INSTRUCTIONS FOR THE TASK:
From the first line to the last, set down the material exactly, leaving out its pictures.

STORED DATA:

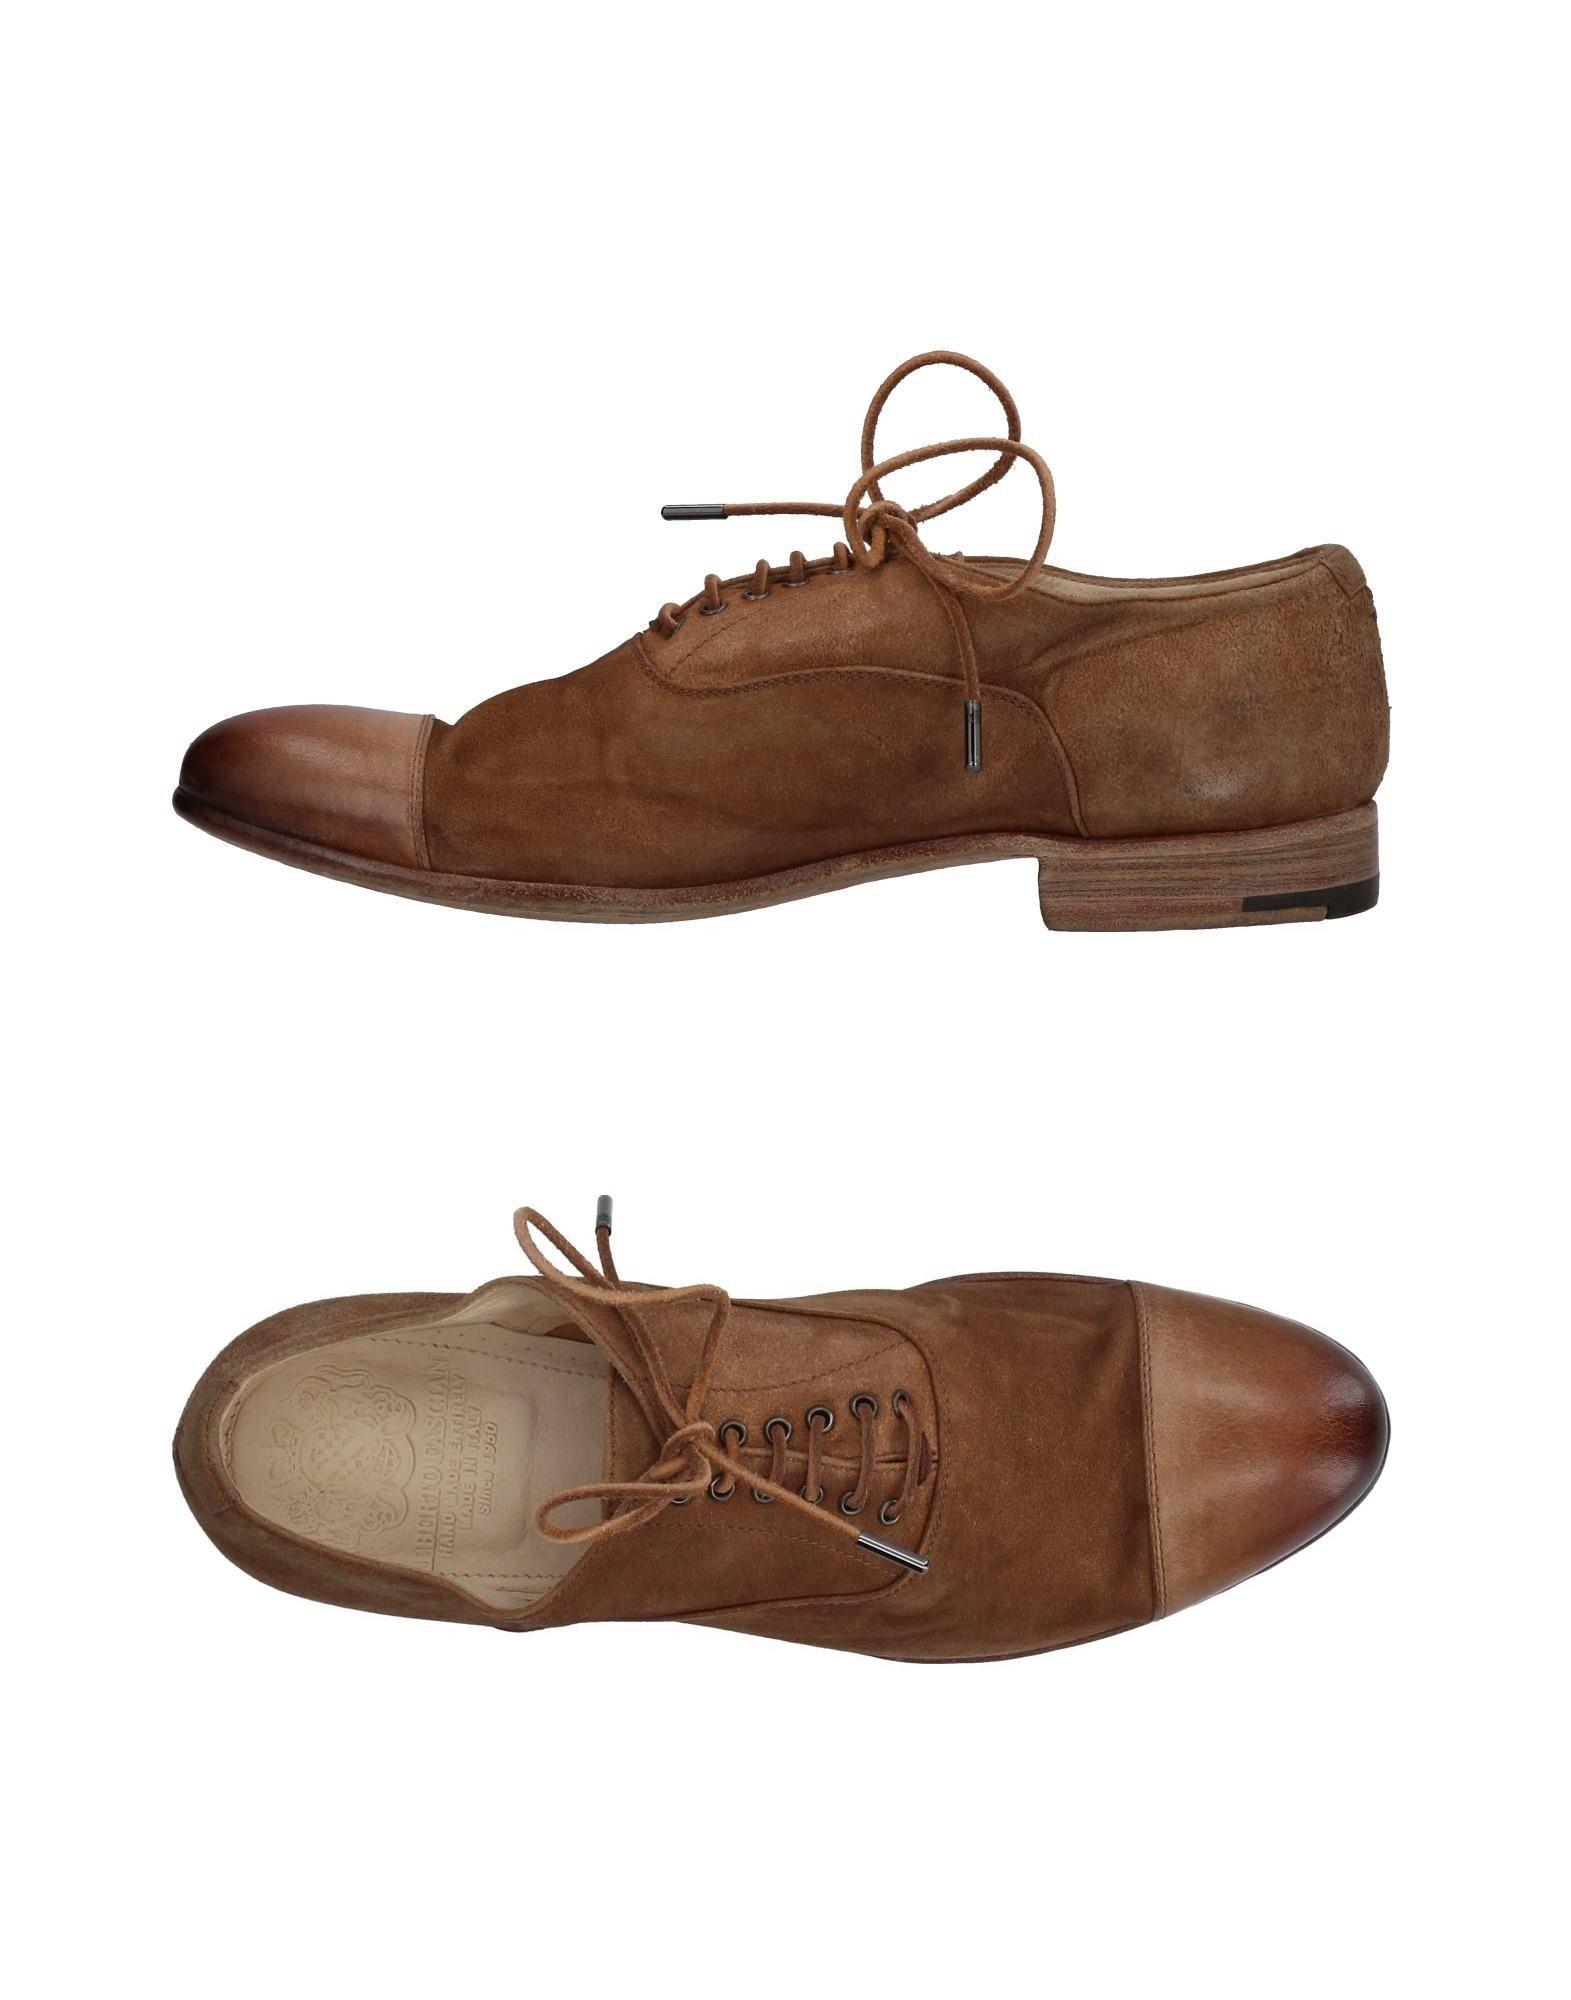 Alberto Fasciani Schnürschuhe Damen  11386600OW Gute Qualität beliebte Schuhe
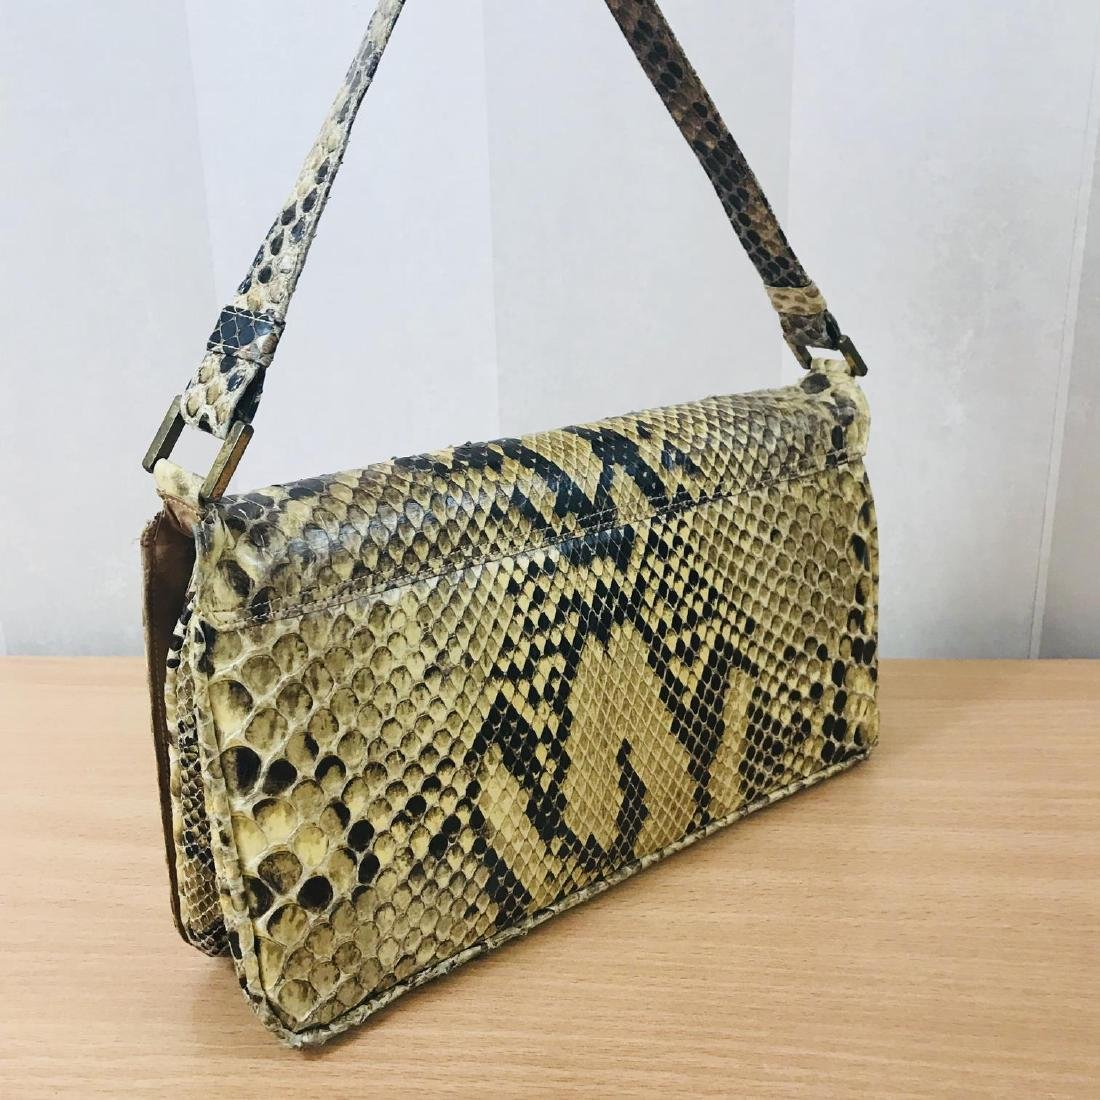 Vintage Snakeskin Leather Handbag - 4
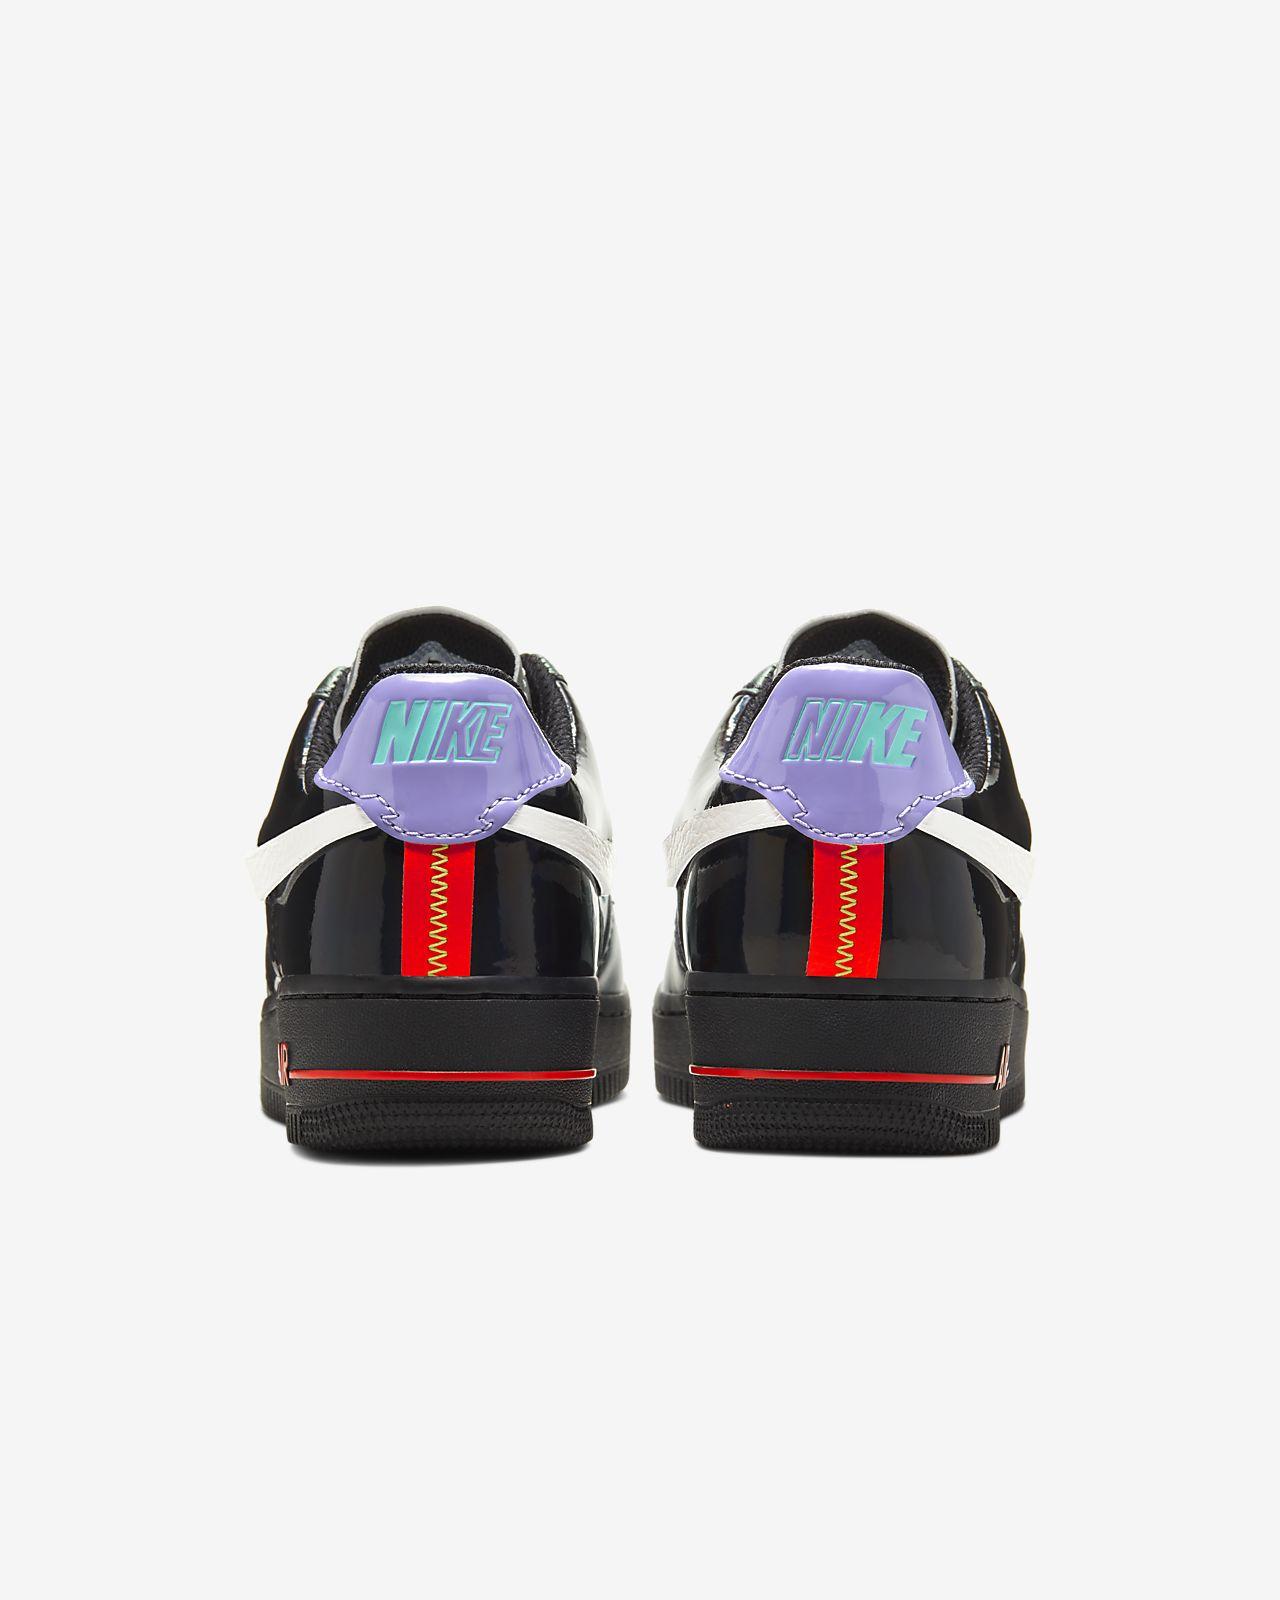 Force Nike '07 Shoe 1 LX Air Women's JcuKF13Tl

PROBLEM SOLUTION:
 Alberto Fasciani Schnürschuhe Damen  11386600OW Gute Qualität beliebte Schuhe
 Vintage Snakeskin Leather Handbag - 4
 Force Nike '07 Shoe 1 LX Air Women's JcuKF13Tl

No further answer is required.